In real-world facial recognition situations, researchers feed the algorithm pictures or frames from a video and the computer then builds a template of the person’s face that it can check against a database of individuals. “Based on the degree of match on those templates, it comes up with a ranked order list of individuals,” Savvides explains. “There’s a top match that might be 89 percent, then another at 85 percent and down the line.” It doesn’t provide law enforcement—or whoever is performing the research—with a definitive match and they don’t treat it as such.

Depending on the scope of the case or research, the list of possible matches can vary in size. “It could be 20, 50, or the top 100 matches,” says Savvides. “It depends on variables like the severity of the crime. For a high-profile case like the Boston Marathon case, they would search in the hundreds.”

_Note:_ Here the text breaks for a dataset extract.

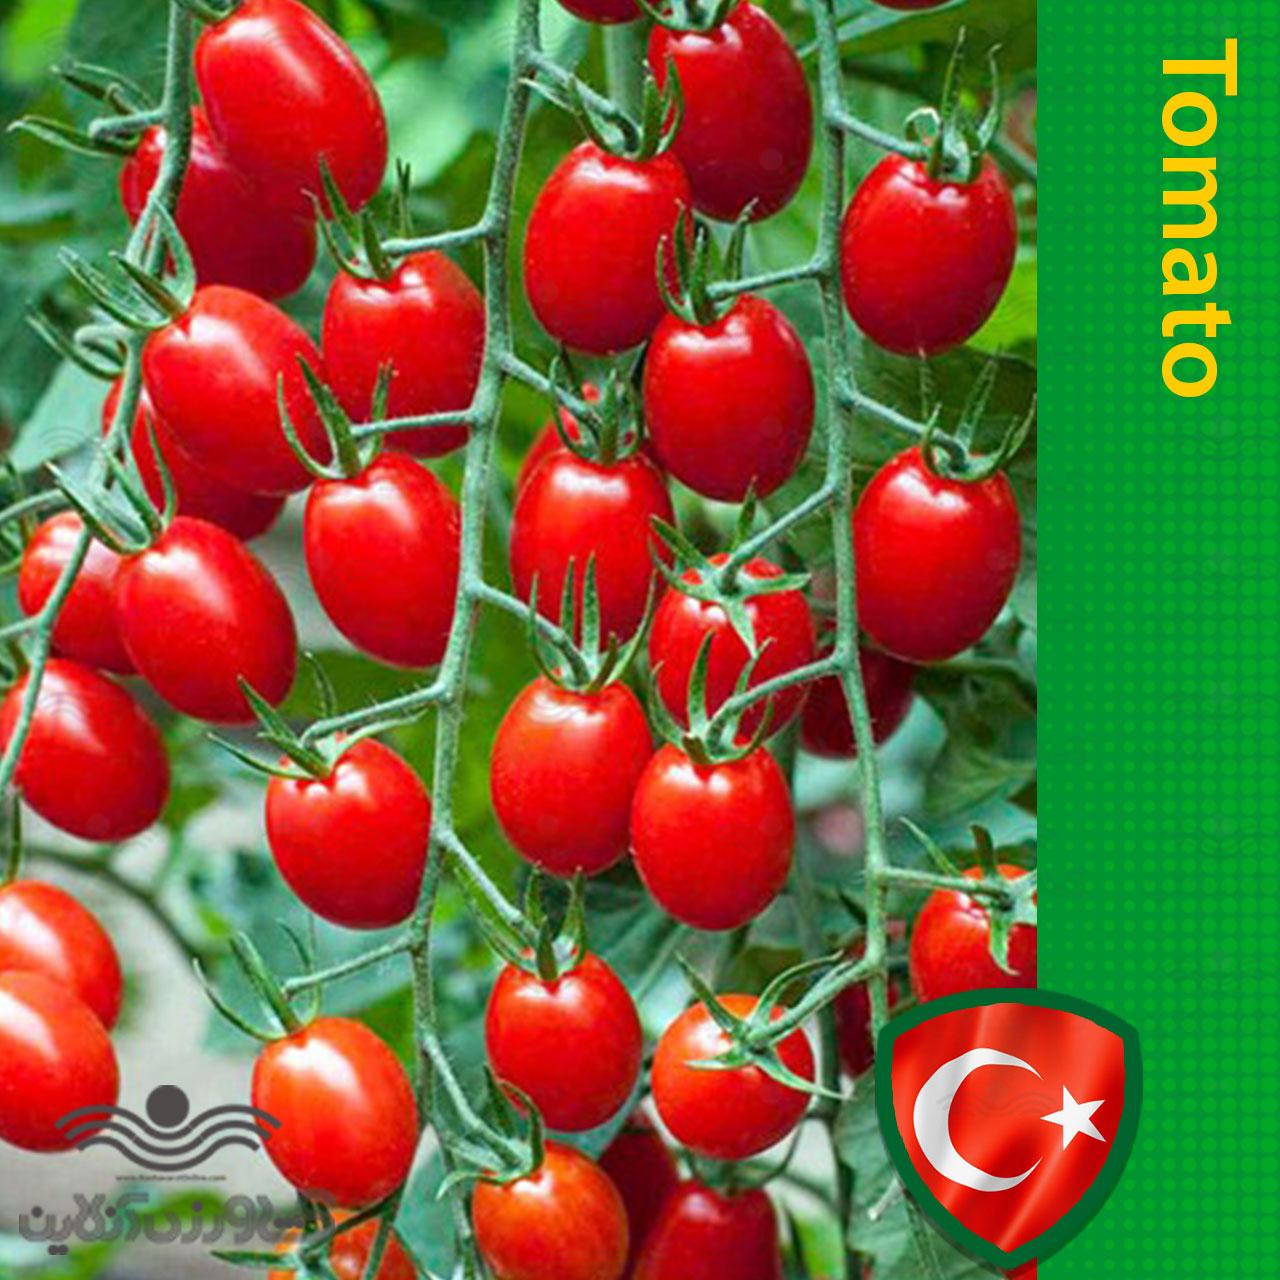 خرید اینترنتی بذر گوجه فرنگی سرخ گیلاسی

Even relying on facial recognition as a starting point for law enforcement can still be troublesome. Last year, Detroit police arrested Robert Julian-Borchak Williams, making him the “first known account of an American being wrongfully arrested based on a flawed match from a facial recognition algorithm,” according to the New York Times. In that case, Detroit police got a match after facial recognition tech analyzed a picture against the Statewide Network of Agency Photos (SNAP), which is overseen by a collective of investigators from various agencies.

An official FAQ about the SNAP program explicitly states that facial recognition isn’t a form of positive ID and even lays out the potential for false positives.

Those issues with accuracy also explain why you don’t hear about facial recognition data coming up in courtroom scenarios. ” To my knowledge, it has never been introduced as evidence in a court anywhere in the country,” says Farhang Heydari, executive director of the Policing Project and adjunct professor at NYU Law. “Right now, facial recognition is considered too unreliable to be used as evidence anywhere.”

Those reliability issues aren’t consistent across populations, either, which further complicates the matter. A number of studies conducted by organizations  such as MIT and the National Institute of Standards and Technology have demonstrated that facial recognition systems are up to 100 times more accurate when reading Caucasian faces vs. those of African-American or Asian people.

Facial recognition has improved dramatically in recent years, especially during the last 12 months, according to Savvides, who cites the COVID-19 pandemic’s mask mandates for motivating researchers to overcome the issues that come with occluded facial features. But, it still has a long way to go before it gains anywhere near the kind of legal credibility enjoyed by other techniques like fingerprints and DNA evidence.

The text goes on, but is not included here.